PostgreSQL also supports reorganizing the data in a table, such that it’s physically sorted by the index. This allows PostgreSQL to be much more efficient in reading the indexed data. Use the CLUSTER command, e.g.

CLUSTER the_geom ON table;

Then there are numerous optimizations one can perform on the database server itself, aside from the geospatial component. The easiest is to increase shared_buffers in the postgresql.conf file, which allows PostgreSQL to use more memory for caching. It is worth the time to investigate the various options in the Resource Consumption section of the PostgreSQL documentation.
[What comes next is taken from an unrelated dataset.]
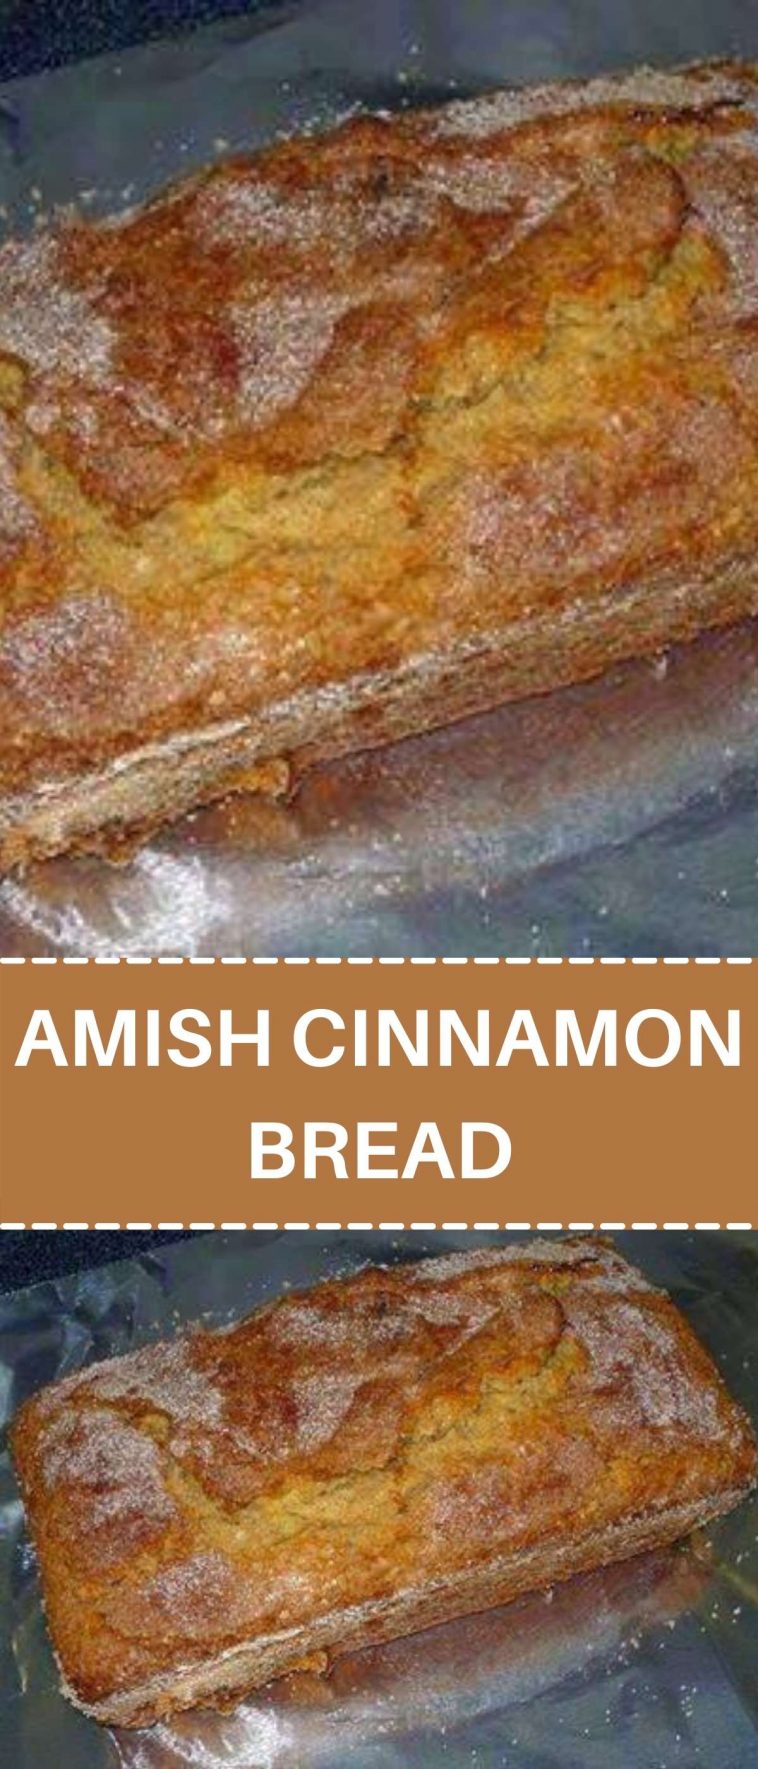 AMISH CINNAMON BREAD

Debugging speed issues with PostGIS

You may face a situation where your PostGIS table is drawing slowly in MapServer. The following steps will help you examine the issue (using a WFS case) :

Siehe auch

Debugging MapServer

  • Always start by getting the draw time for your layer, with a shp2img command:

    shp2img -m postgis-wfs.map -o ttt.png -map_debug 3
    
      msDrawMap(): Layer 0 (provinces), 1.587s
      msDrawMap(): Drawing Label Cache, 0.000s
      msDrawMap() total time: 1.589s
      msSaveImage(ttt.png) total time: 0.005s
      freeLayer(): freeing layer at 010E0EC0.
      msPostGISLayerIsOpen called.
      msConnPoolClose(host=127.0.0.1 user=postgres password=postgres port=5432 dbname=gmap,01197840)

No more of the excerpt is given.